# YOUR GOAL
Print only what runs from the line that includes "Dress for success" to the end of the listing, word for word, and do not include any pictures.

# DATA EXTRACT
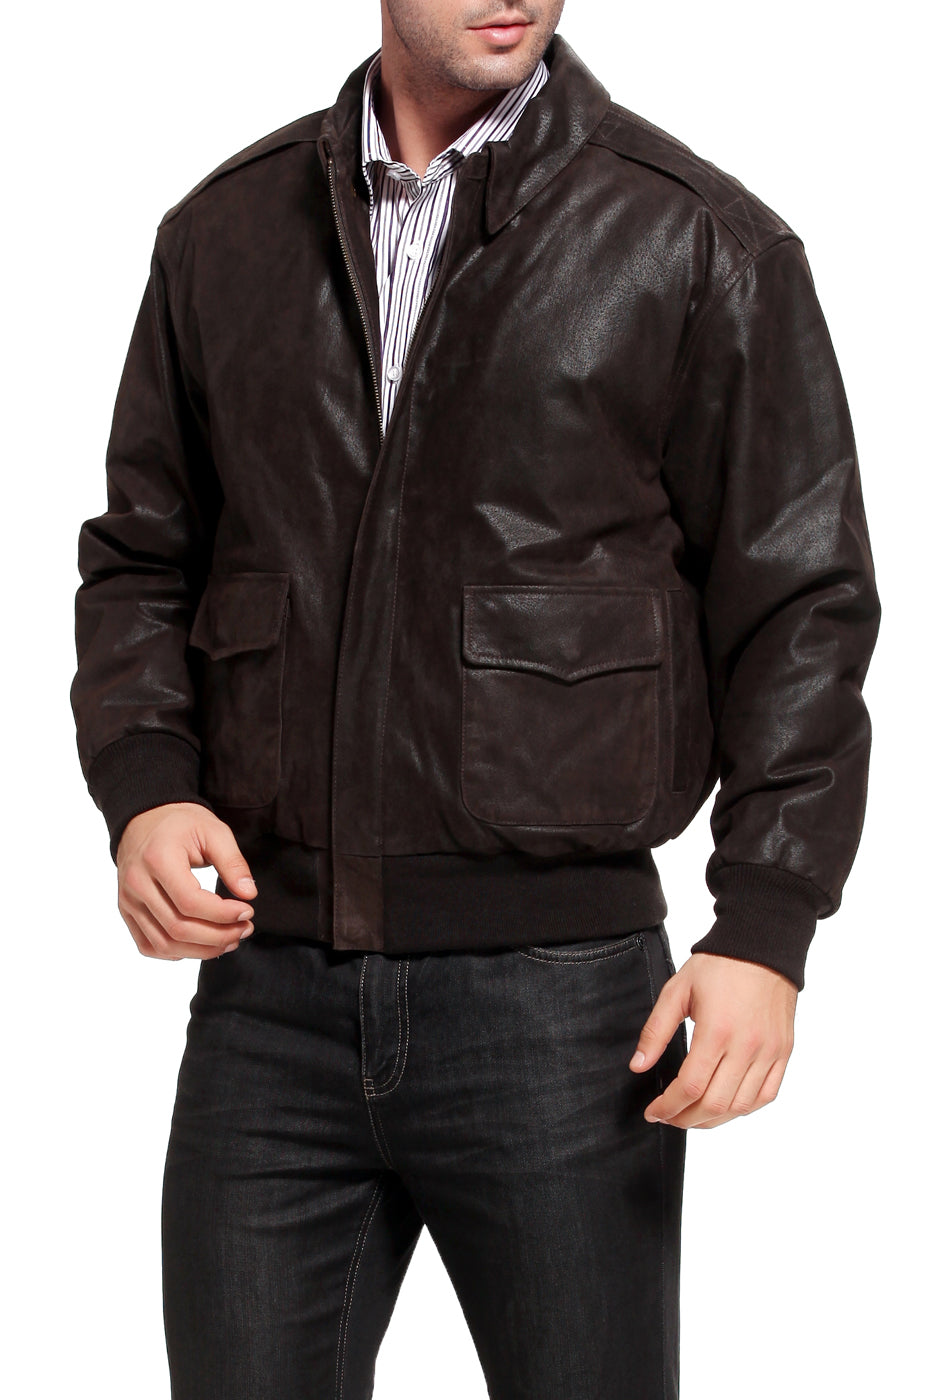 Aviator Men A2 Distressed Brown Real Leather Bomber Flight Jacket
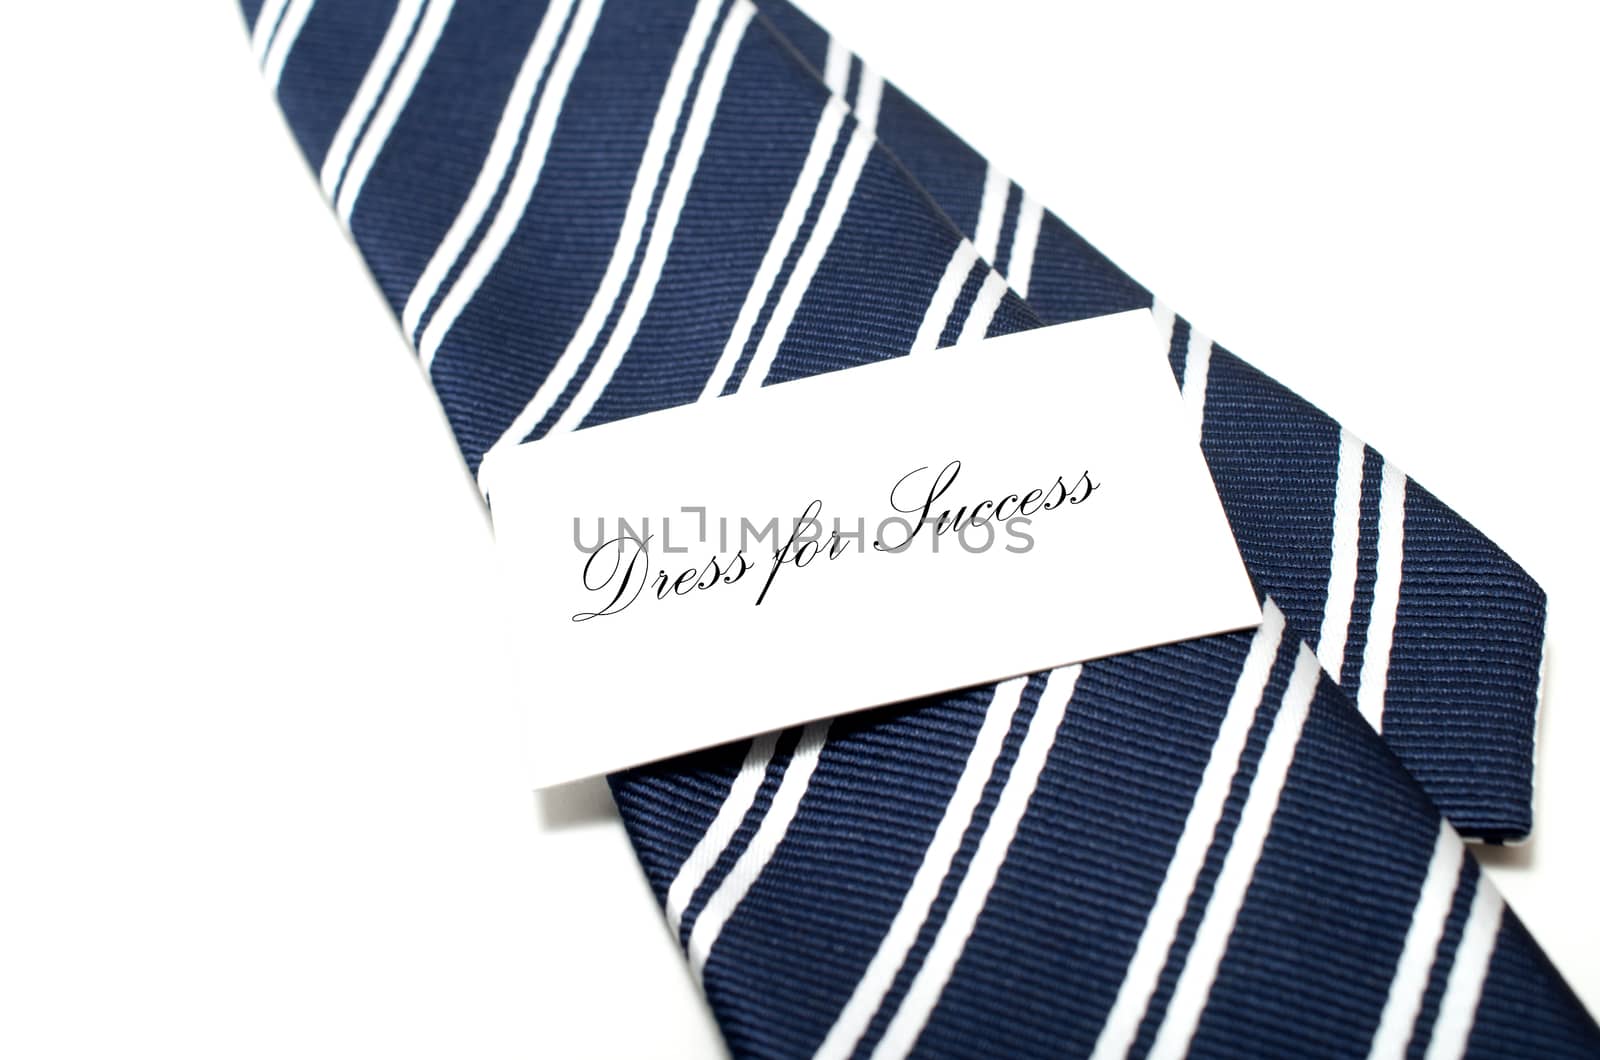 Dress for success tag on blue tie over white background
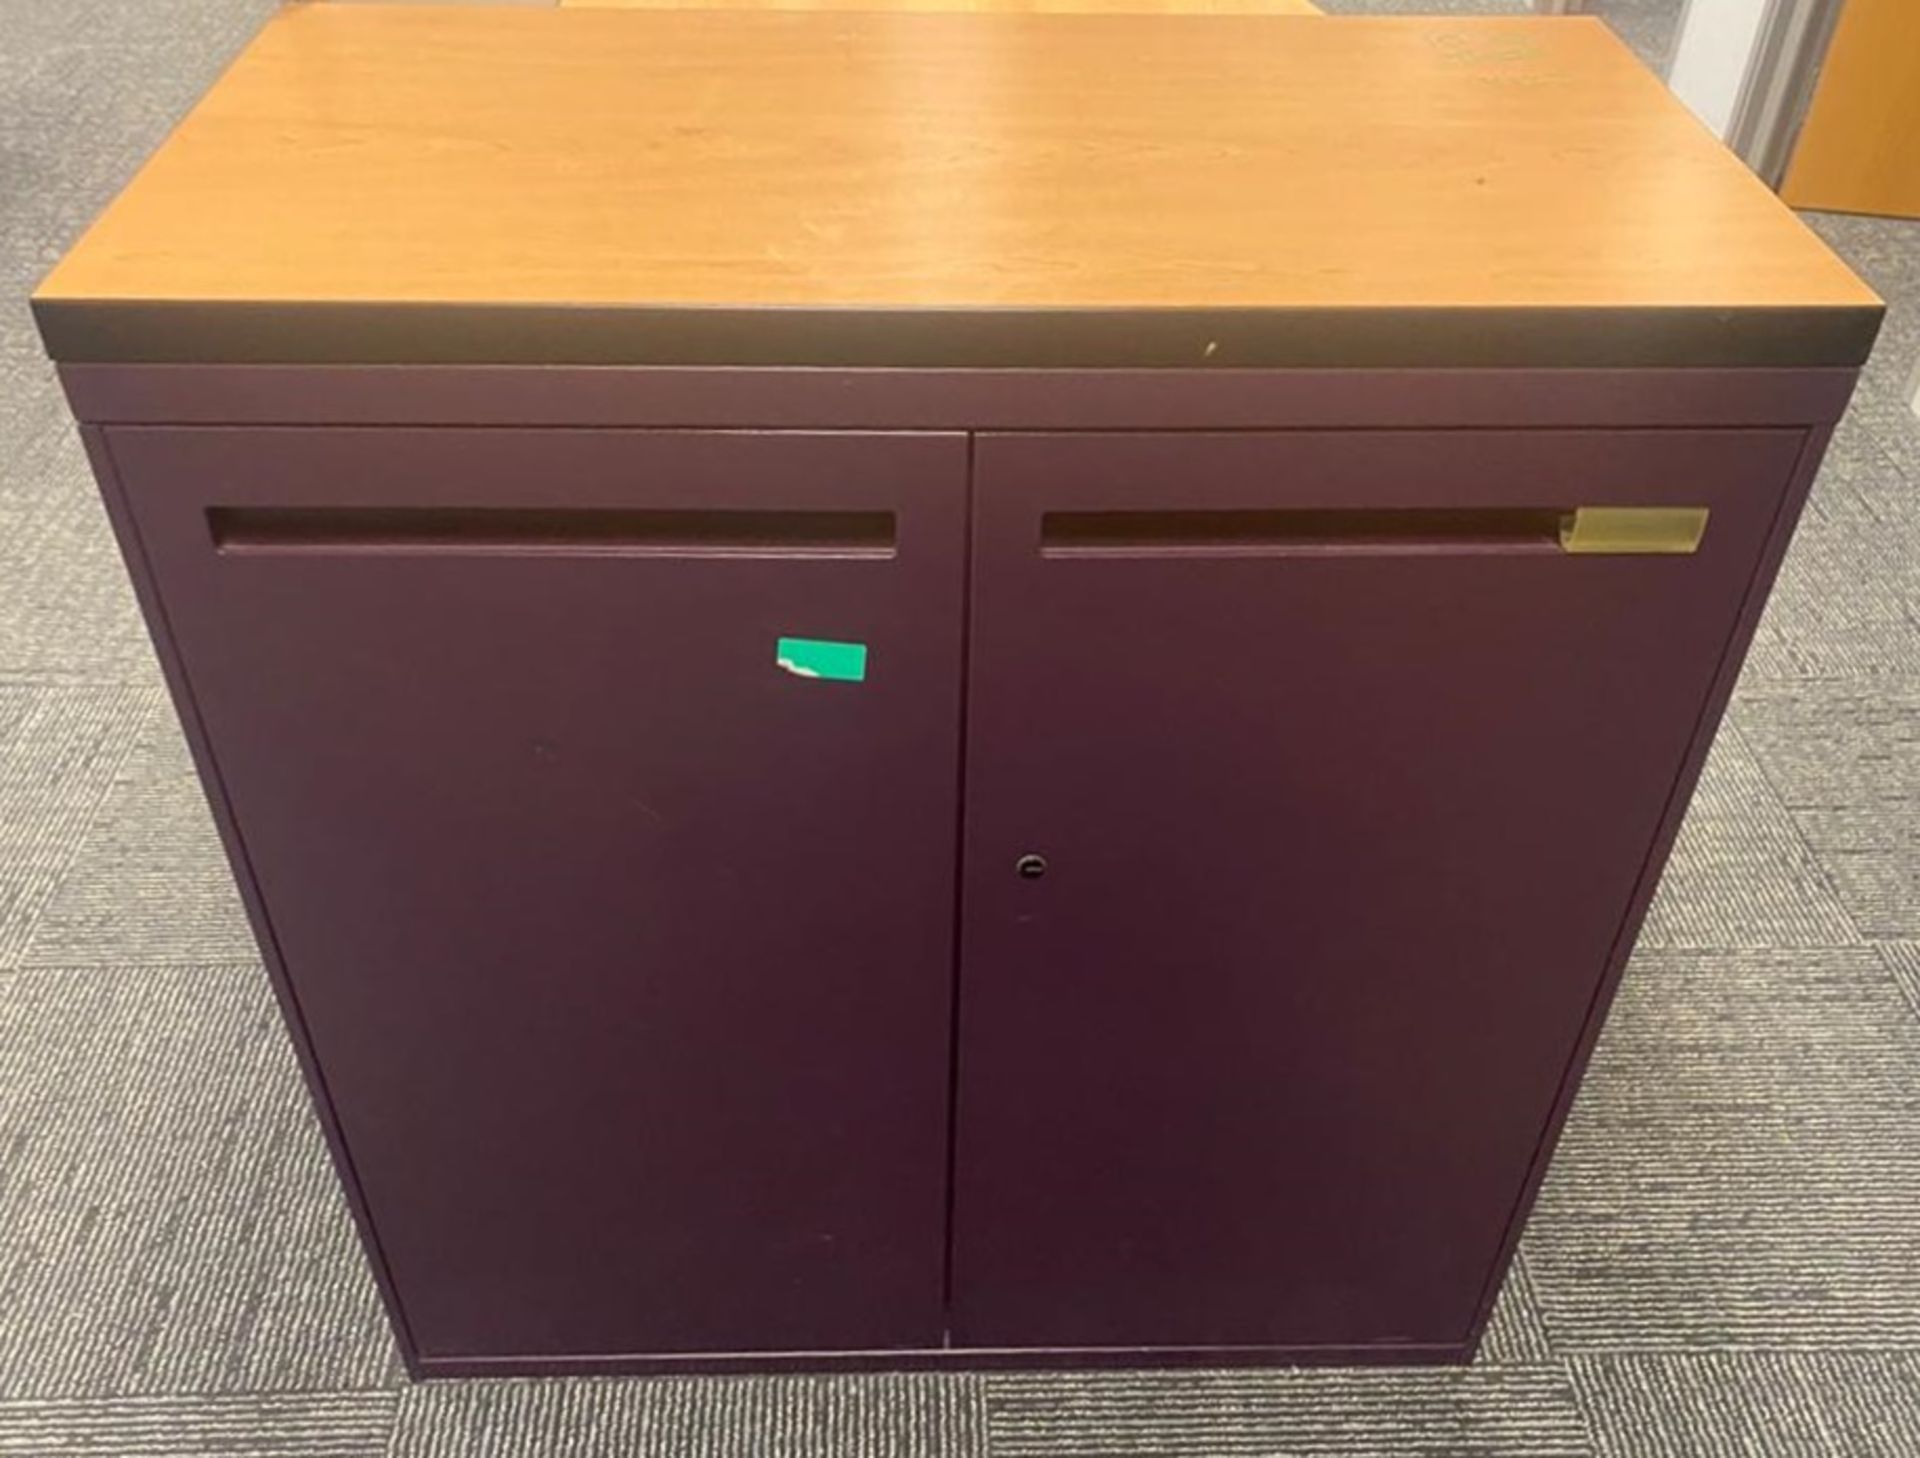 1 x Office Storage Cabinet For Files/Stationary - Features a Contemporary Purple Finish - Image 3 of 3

# WRITTEN REPLY
 Dress for success tag on blue tie over white background
 1 x Office Storage Cabinet For Files/Stationary - Features a Contemporary Purple Finish - Image 3 of 3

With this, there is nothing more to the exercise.